Overview: a summary of findings and resulting plots.

Scope & Limitations: a brief description of the project’s scope and limitations.

Technical Details: reproducible details and code.


Overview

This project demonstrates how one can scrape indeed.com job salaries using R, and create summary tables and descriptive plots of the data.

In this example I examine salaries for full-time data jobs in Denver and Boulder, CO.

Main Findings

  • There are 2 times as many jobs in Denver than in Boulder
  • There are 3 times as many mid level jobs than entry level ones
  • There are 5 times as many jobs for data engineers than jobs for data scientists and machine learning engineers combined
Number of Salaries
City Level Title
Denver: \(2070\) entry level: \(733\) data engineer: \(2504\)
Boulder: \(951\) mid level: \(2288\) data scientist: \(207\)
machine learning engineer: \(310\)
  • Median salaries range from \(66k\) to \(100k\)
  • Salaries increase as titles evolve from data engineer to data scientist to machine learning engineer
  • Entry-level Denver data engineers make less than Boulder ones
  • Denver data scientists make more than Boulder ones

A comparison of distributions show these findings visually:

While entry-level data engineers make the least amount, a look at the number of jobs shows better opportunity for data engineers:

Back to Contents


Scope & Limitations

This job board scraper is quite basic. It only scrapes aggregate data from www.indeed.com, based on job title search parameters. Because it does not scrape full titles and locations, and because it does not actualy get to the data itself (the job postings), it cannot be aggregated with other scrapers for other job boards, as it would be impossible to deduplicate jobs found.

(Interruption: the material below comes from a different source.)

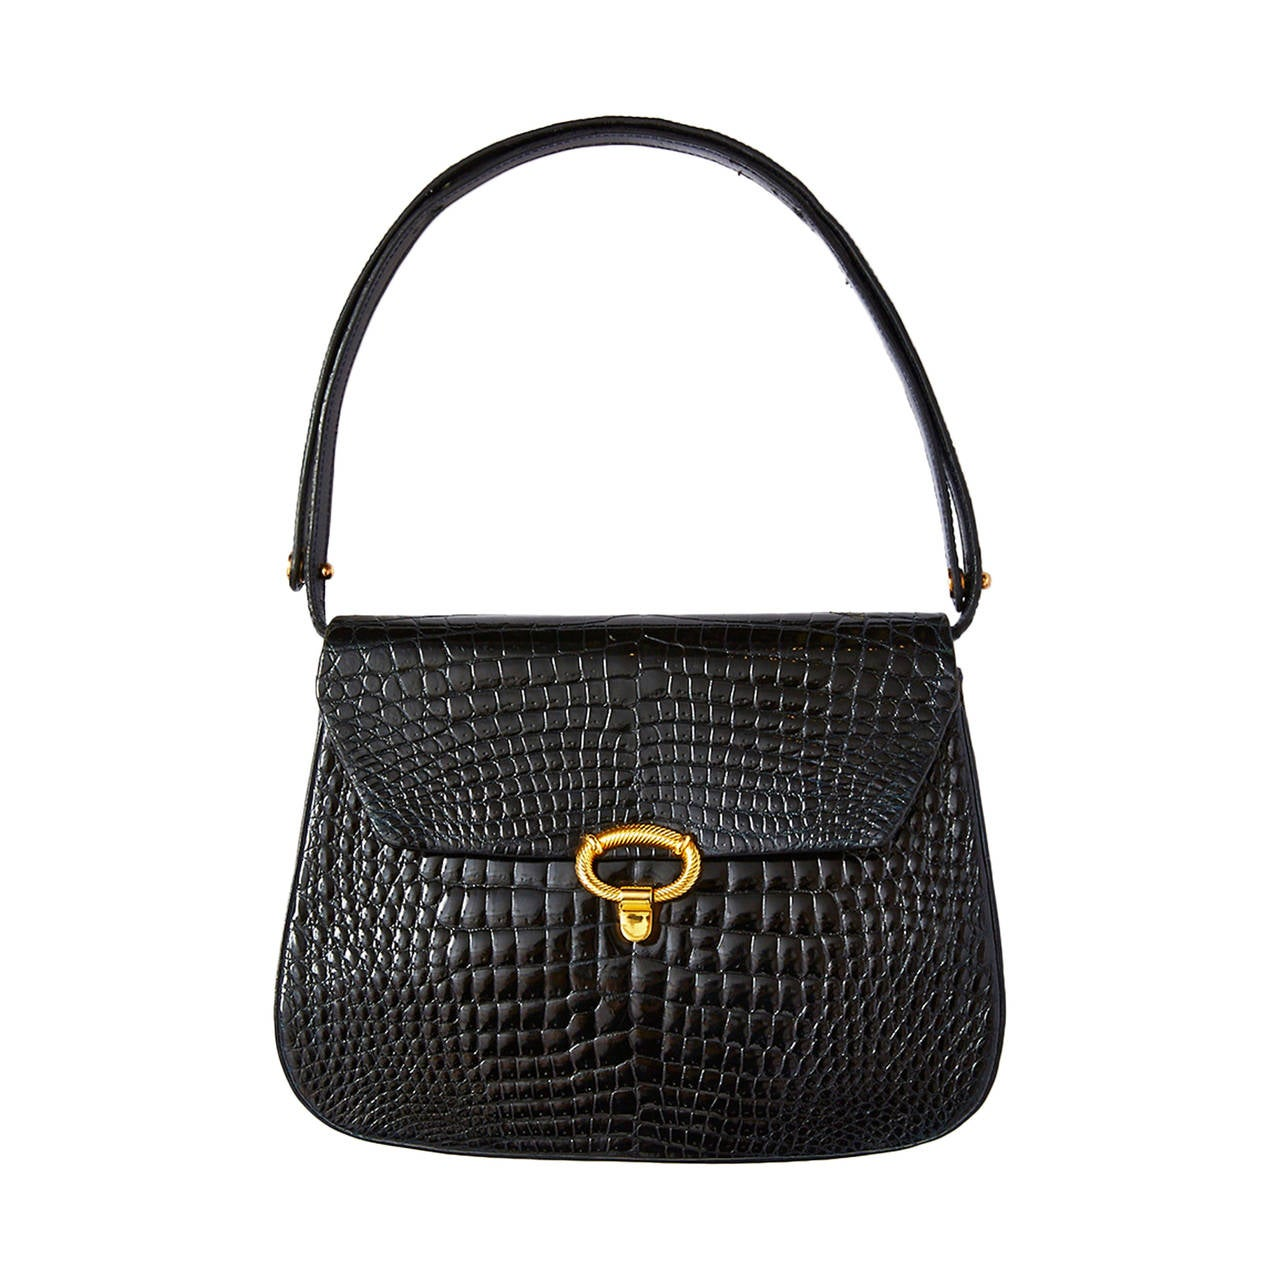 1stdibs Phynes Black Leather Handbag With Attachable Shoulder Straps wPiVZgWx

Future iterations would include:

  1. full titles

  2. company name

  3. company size

  4. top skills

  5. other job boards

Back to Contents


Technical Details

Setup

The rvest package is used to scrape Indeed.com, dplyr for data wrangling, and ggplot2 for plotting.

# Cleanup environment and set options
rm(list = ls())
options(scipen=999)  # avoids scientific notation

# Install and load packages
install_packages <- function(pk){
  
    new_pk <- pk[!(pk %in% installed.packages()[, "Package"])]
  
    # if package is not installed only
    if (length(new_pk)) {
        install.packages(new_pk, dependencies=TRUE, warn.conflicts=FALSE)
    }
    
    # load packages
    sapply(pk, require, character.only=TRUE)
}

packages <- c("rvest", "dplyr", "ggplot2")
suppressMessages(suppressWarnings(install_packages(packages)))

Main function

The main workhorse is the scrape_indeed function:

scrape_indeed <- function(job_title, City, State, radius, contract_type, seniority) {
  
#    Scrapes Indeed.com given the following arguments:
# 
#       1. job title (one to three terms)
#       2. city 
#       3. state abbreviation
#       4. radius (in miles, around the city)  
#       5. contract type (full time or part time, for now)
#       6. seniority (entry level, mid level, or senior level)
  
    # format and define URL
  
    # number of terms
    n_terms <- length(strsplit(job_title, " ")[[1]])
    
    if (n_terms == 2) {
        new_job_title <- paste0(strsplit(job_title, " ")[[1]][1], '+',
                                strsplit(job_title, " ")[[1]][2], sep="")
    } else if (n_terms == 3) { 
        new_job_title <- paste0(strsplit(job_title, " ")[[1]][1], '+',
                                strsplit(job_title, " ")[[1]][2], '+', 
                                strsplit(job_title, " ")[[1]][3], sep="")
    } else {
        new_job_title <- job_title
    }
                        
    location <- paste0('&l=', City, ',+', State, sep="")
                        
    contract_type <- paste0('&jt=', strsplit(contract_type, " ")[[1]][1],
                            strsplit(contract_type, " ")[[1]][2], sep="")
                            
    new_seniority <- paste0('&explvl=', strsplit(seniority, " ")[[1]][1], 
                            "_", strsplit(seniority, " ")[[1]][2], sep="")
    
    URL <- paste0('https://www.indeed.com/jobs?q=', 
                        new_job_title, 
                        location,
                        contract_type,
                        new_seniority,
                        paste0('&radius=', radius))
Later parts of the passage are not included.